Anggi mengangguk dengan senyuman. "Ayo, Bunda suapin anak tampannya, Bunda ini," ajaknya.
Azri ikut tersenyum, lalu ia duduk dan memeluk Anggi. "Tetap jadi Bundanya Azri ya, Bun. Azri nggak bisa bayangin gimana hidup Azri kalau Bunda jauh dari Azri."
"Kamu anaknya Bunda, dan Bunda nggak mungkin jauh dari anak sendiri. Dan emang selalu jadi Bundanya Azri, selamanya sampai umur Bunda habis nanti."
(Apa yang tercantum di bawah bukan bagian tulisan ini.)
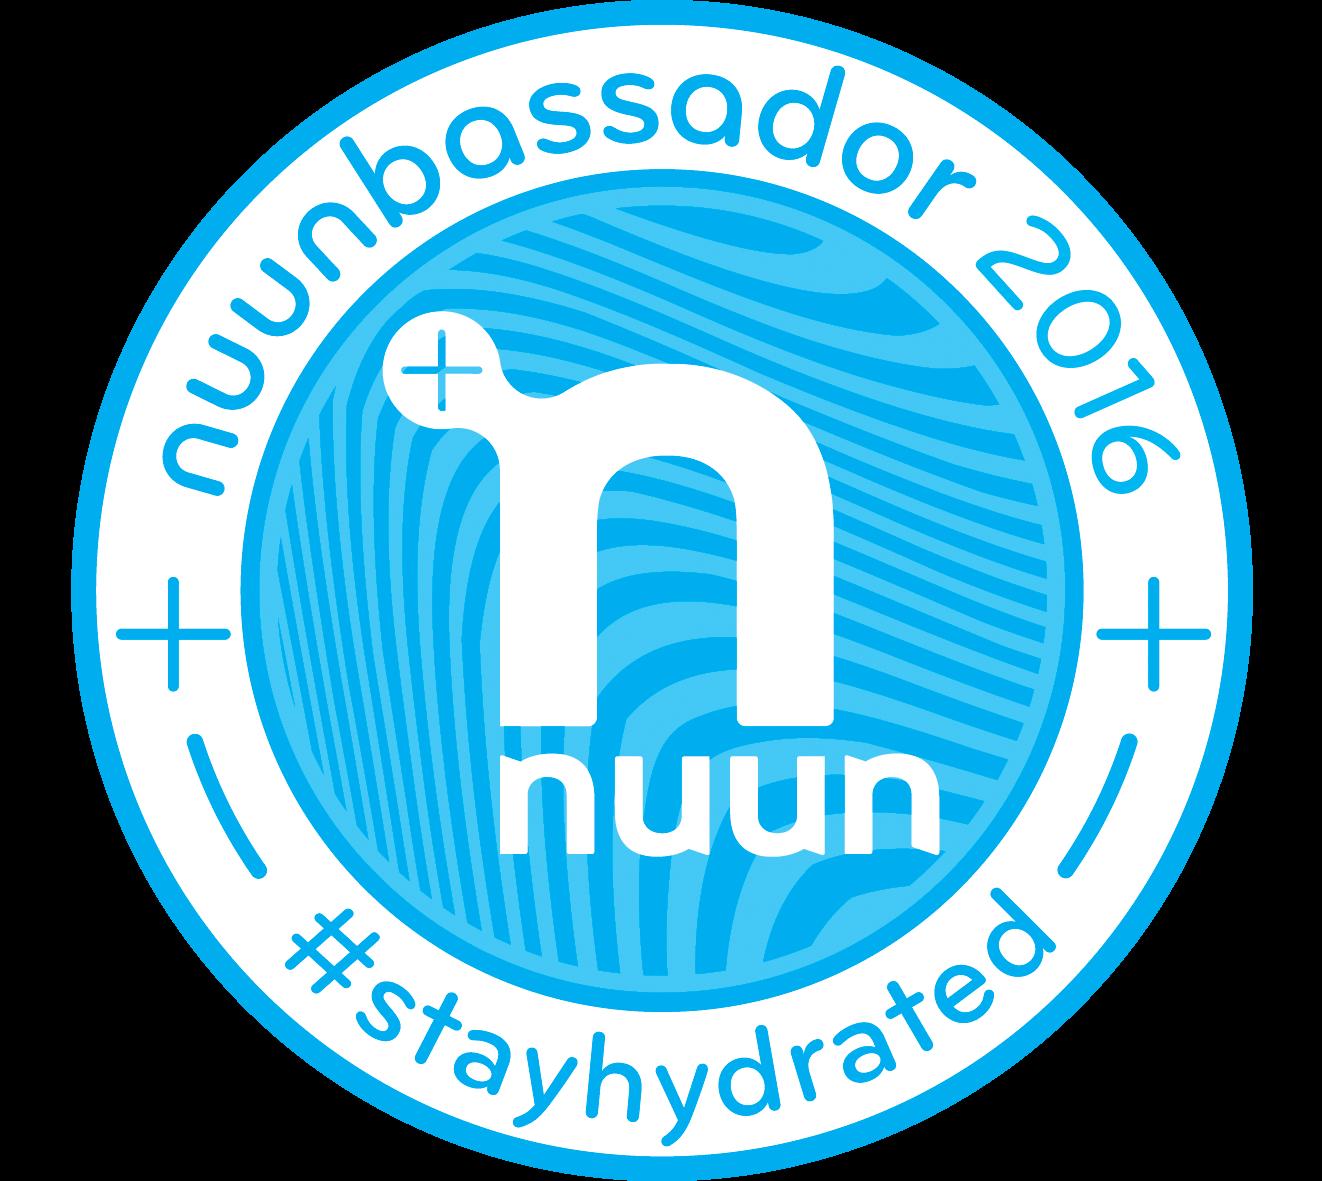 #nuunbassador

Anggi melepas pelukannya dan mencium kening dan pipi Azri, lalu membawa putranya berdiri.
Keduanya melangkah ke ruang makan, dan di sana juga sudah duduk Marcelline dengan Delano yang berdiri dua langkah di belakangnya.
"Saya permisi," kata Delano membungkuk sebentar dan pergi keluar dari ruang makan.
"Kenapa nggak di makan, Kak?" tanya Anggi lembut sambil mengusap kepala sang putri.
Marcelline hanya memberi senyum tipis. "Celline akan terbang ke Irlandia malam ini juga, Bun. Sekitar setengah jam lagi," katanya memberitahu.
Azri menatap Kakaknya, tapi ia tidak mengeluarkan suara.
"Mendadak banget Kak? Biasanya kamu ngomong ke Bunda sehari sebelum berangkat, ini kok tiba-tiba?" Anggi bertanya masih dengan nada yang lembut.
Marcelline melirik sekilas Azri yang langsung membuang wajah.
"Ada yang harus Celline kerjain di sana," kata Marcelline menatap Anggi lagi.
"Kamu tidak bisa pergi," ucap Afandi masuk ke ruang makan.
Ketiganya menatap sang kepala keluarga.
"Besok, anak dari keluarga Jefferson akan kembali, dan kita sekeluarga di undang diacara penyambutannya," jelas Afandi setelah duduk.
"Sejak kapan hal kayak gitu jadi penting untuk Celline, Yah?" tanya Marcelline pula.
"Hargai keluarga itu sebagai sahabat Ayah, Kak. Tolong," pinta Afandi.
"Acara besok jam berapa?" tanya Marcelline.
"Sekitar jam 3 sore," jawab Afandi.
"Celline bakal sampai sebelum jam 3, dan langsung ke sana besok," papar Marcelline.
"Itu terlalu singkat Kak," kata Anggi.
"Gapapa Bun, Celline nggak bisa tunda urusan di Irlandia juga," ucap Marcelline tersenyum lalu ia berdiri.
Sebelum keluar, ia mengusap lembut kepala Azri. "Jangan nakal," katanya.